Волховитов наконец перевел взгляд на секретаршу. Но если он рассчитывал произвести сильное впечатление на Кики, а то и сразить ее наповал, то его надежды не оправдались. Лицо девушки под копной рыжеватых волос, отнюдь не белое и веснущатое, не рыхлое, а смуглое и острое, как у цыганки, по-прежнему светилось не совсем понятным и уместным для будничной атмосферы общения с начальником ликованием.
— Мы взяли власть, Кики, — медленно, с нотками назидания произнес градоначальник, — не для того, чтобы злоупотреблять ею, наша цель — поразвлечься, хорошо провести время, пожить в свое удовольствие…
— Мы этим и занимаемся, — бесцеремонно перебила Кики Морова. — Но не стоит совсем уж запускать дела. Управление городом, сами знаете, штука тонкая.

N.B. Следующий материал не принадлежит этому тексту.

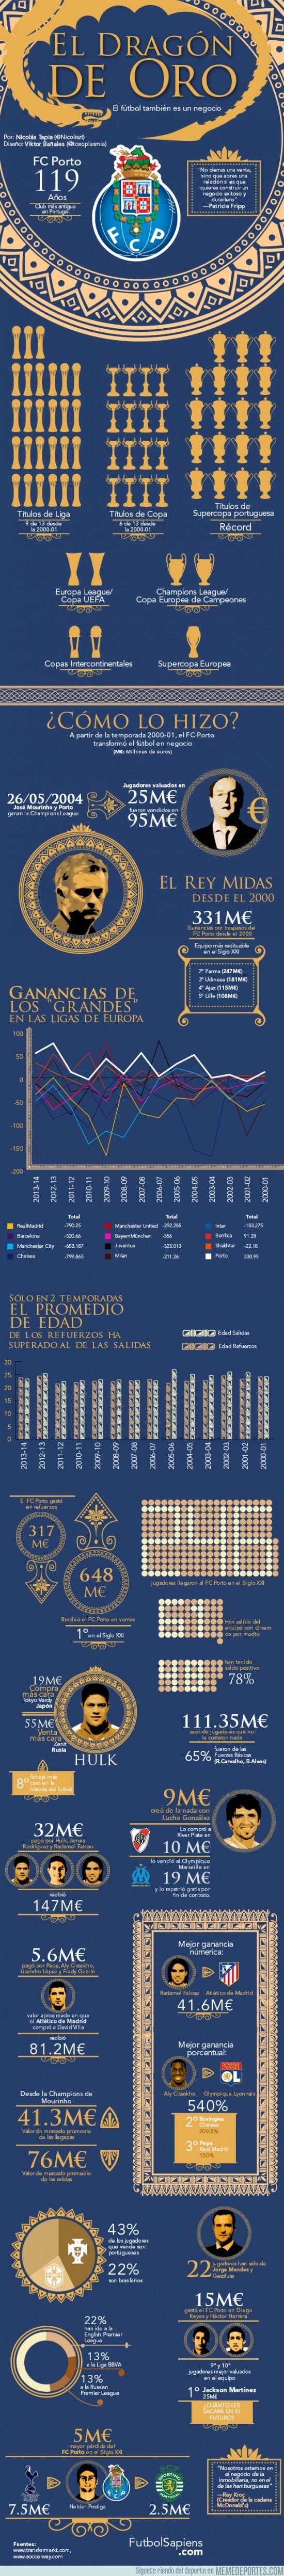 163551 - El Dragón de Oro - Infografia del Oporto

И если какая-то Катя Ознобкина…
Волховитов поднял могучую руку, прерывая поток ее красноречия.
— Я строил этот город, Кики, а теперь вернулся и взял в нем власть. Уже одно это обязывает меня к роли его защитника. И тебе, Кики, известно, в каком виде я должен представать, чтобы верно следовать заветам сочинителей этой роли. С копьем в руке, а может быть, и с мечом… И еще один непременный атрибут — щит с изображением овечьей головы.

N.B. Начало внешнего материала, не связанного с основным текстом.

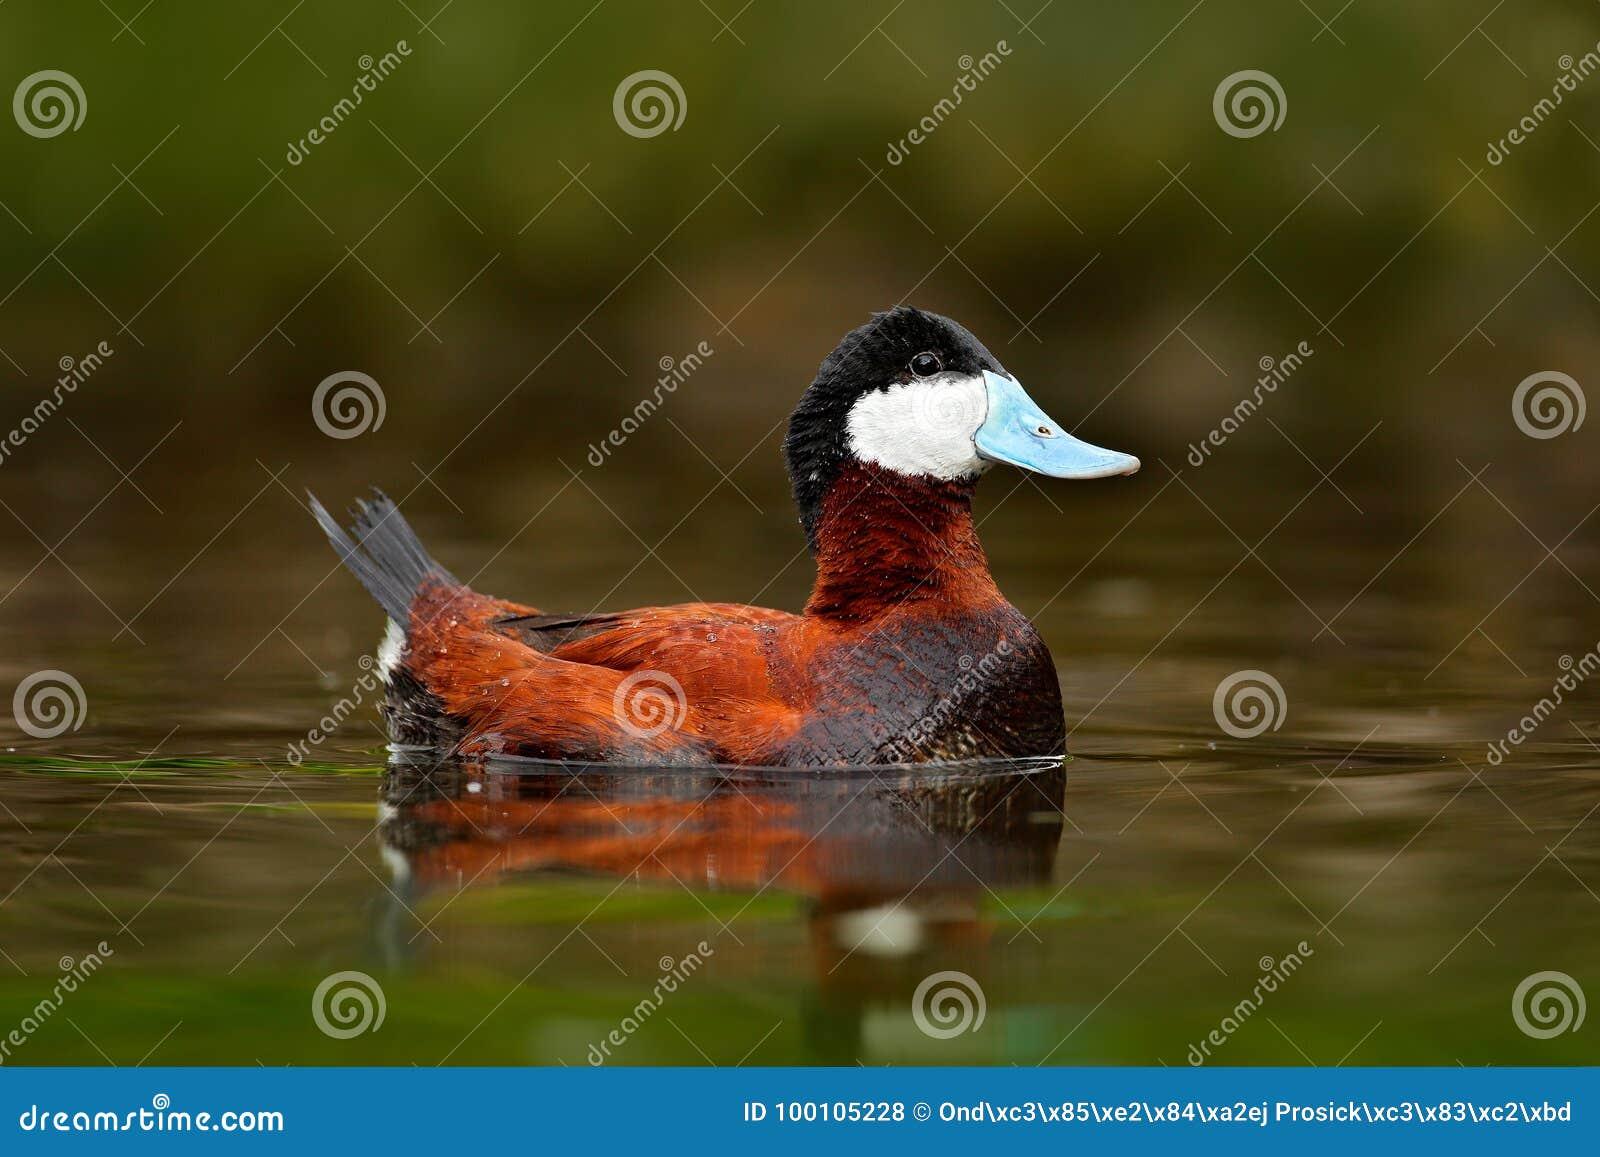 Ruddy Duck, jamaicensis do Oxyura, com verde bonito e vermelho coloriu a superfície da água Homem do pato marrom com conta azul A

— Но почему же овечьей? — рассмеялась Кики Морова. — Сдается мне, Радегаст Славенович, за время нашего с вами печального отсутствия и рассеяния вы маленько перепутали роли и теперь приписываете себе совсем не те обязанности, какие вам действительно надлежит исполнять. Да и сообразите насчет времени, так сказать, современности — кого теперь удивишь копьем? Среди той образованности, которую мы обнаружили в Беловодске, гораздо больше пригодились бы ваши баснословные познания, чем какое-то копье, не говоря уже о щите. Тем более что упомянутая вами овечья голова — это уже совсем никуда не годящаяся выдумка.

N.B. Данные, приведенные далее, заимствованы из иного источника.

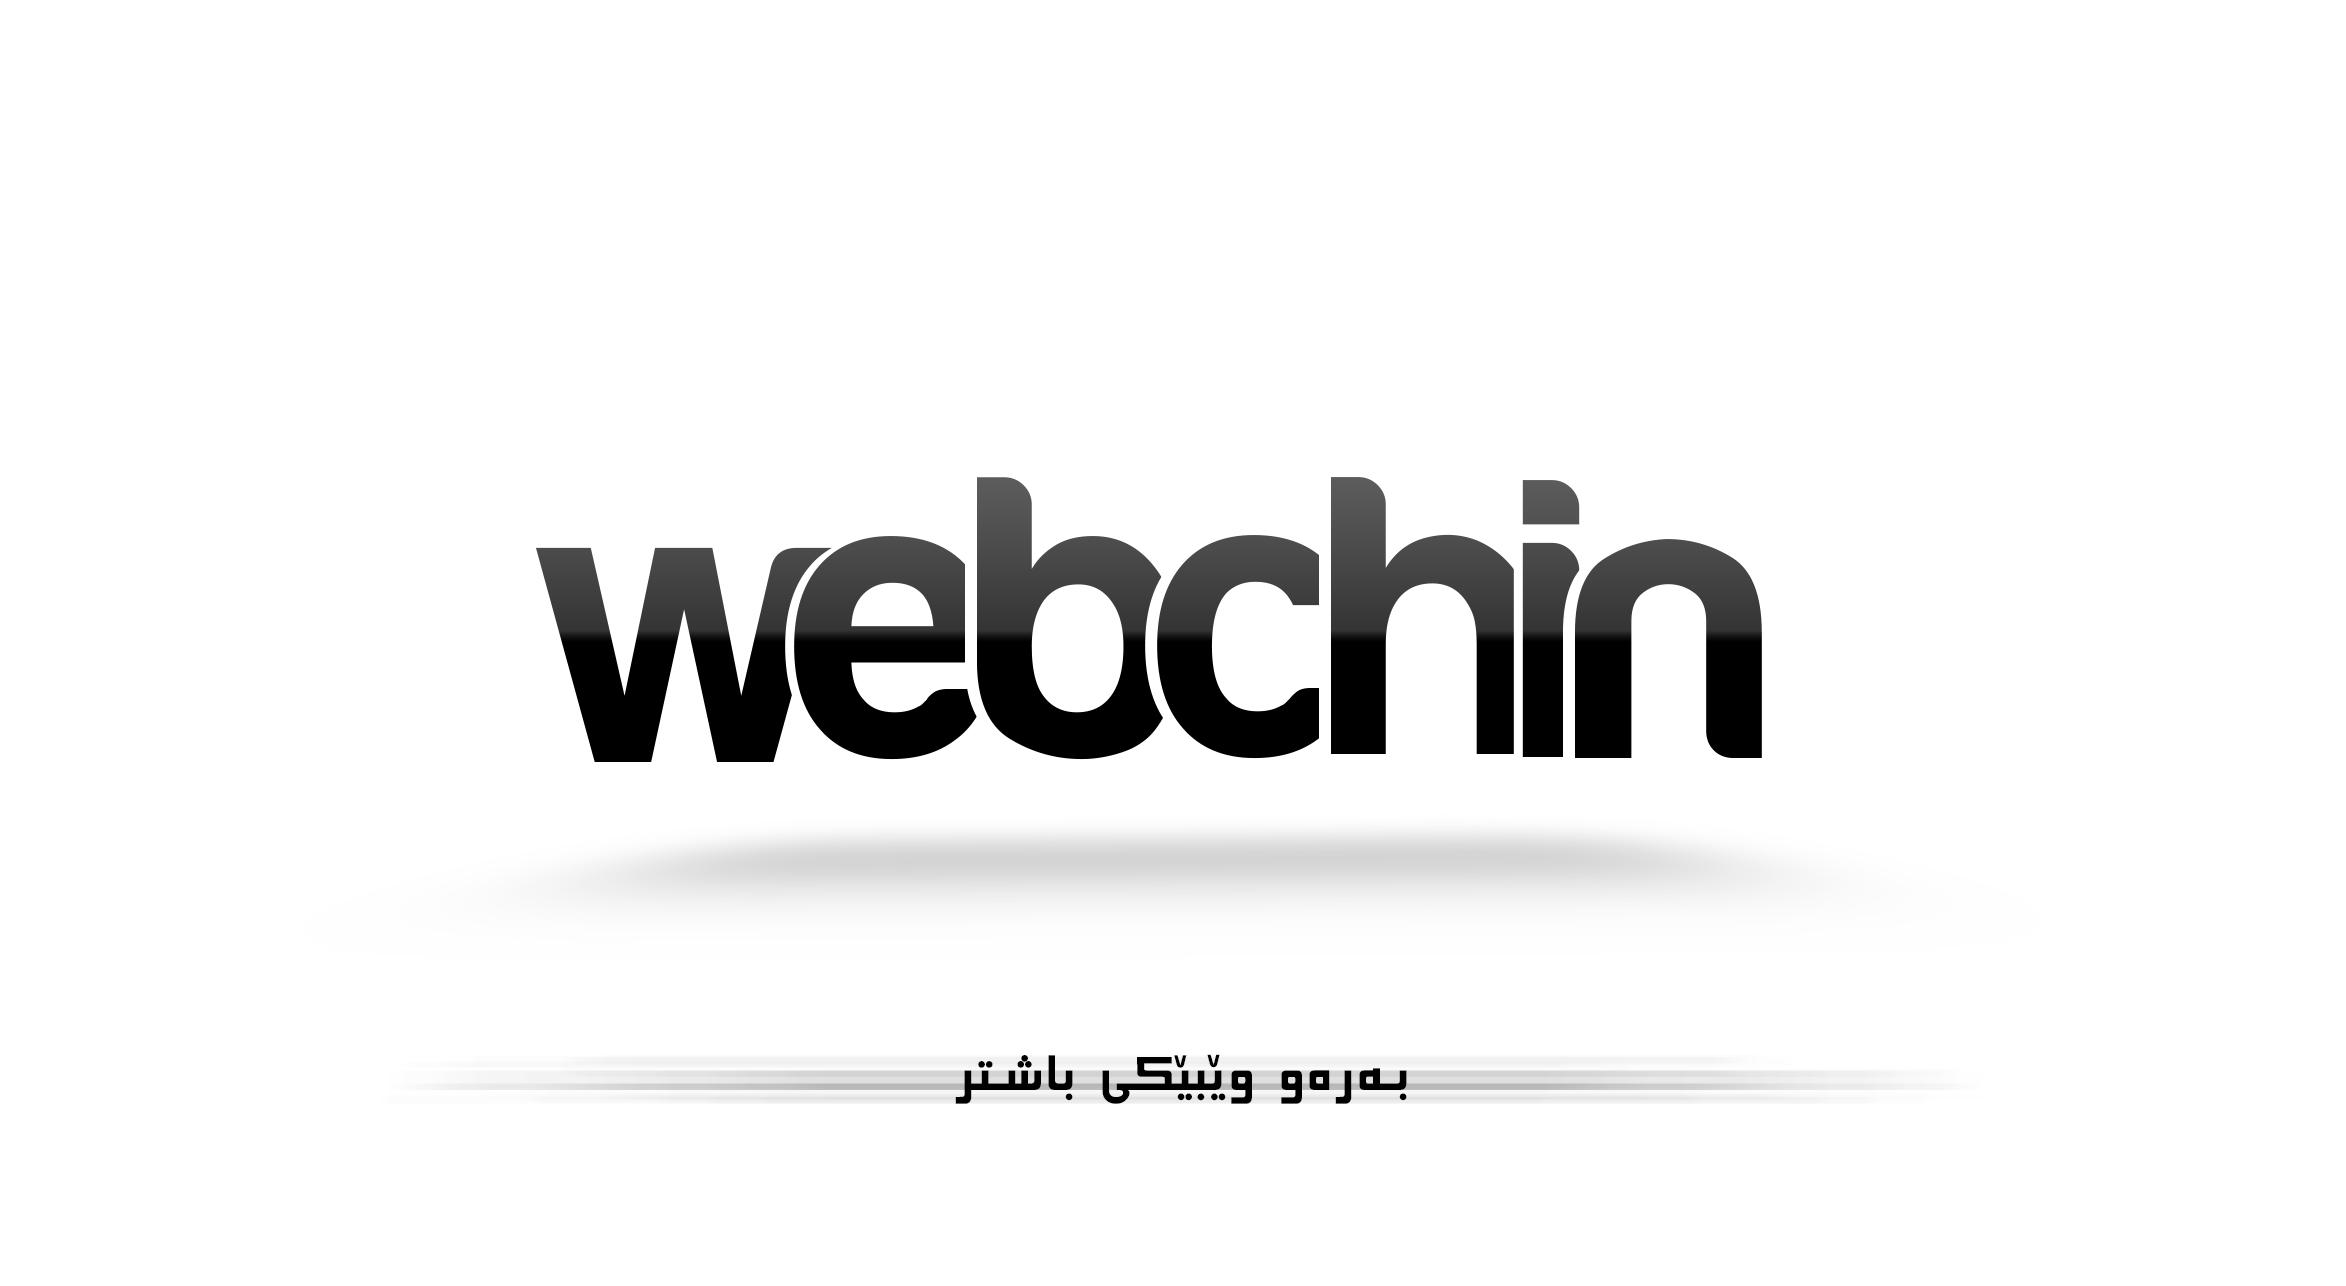 http://www.webchinupload.com/f/2013-11/a6727bc35791508178fca1ba5f8ba17b.png

— Допустим, я что-то напутал, — согласился мэр. — Это меня огорчает. Но я готов честно признать, что в моей памяти еще имеются досадные пробелы. Я готов наверстывать упущенное, учиться… Я открыт для критики. Другое дело, что в действительности мне совсем не хочется играть роль защитника города, увы… Однако это вовсе не значит, что я намерен и склонен вредить беловодским гражданам, отнюдь нет! Пусть они живут своим миром, а мы, власть предержащие, будем жить своим. Такова моя позиция, Кики, и я рассмеюсь в лицо каждому, кто посмеет напомнить мне, что во время предвыборной кампании я говорил совсем другое.
— Все это известно мне, Радегаст Славенович, лучше, чем кому бы то ни было, — возразила секретарша, обнажая в улыбке ослепительные зубы. — Но вы не так меня поняли, я отнюдь не собираюсь вредить бедной вдове… разве что немного попугать, чтобы не зарывалась, ну и в порядке защиты осетровых от полного истребления. Я беру пример с вас, Радегаст Славенович, и думаю о веселых, шаловливых делах, а не о мрачных, как можно было бы подумать, принимая во внимание мое предназначение…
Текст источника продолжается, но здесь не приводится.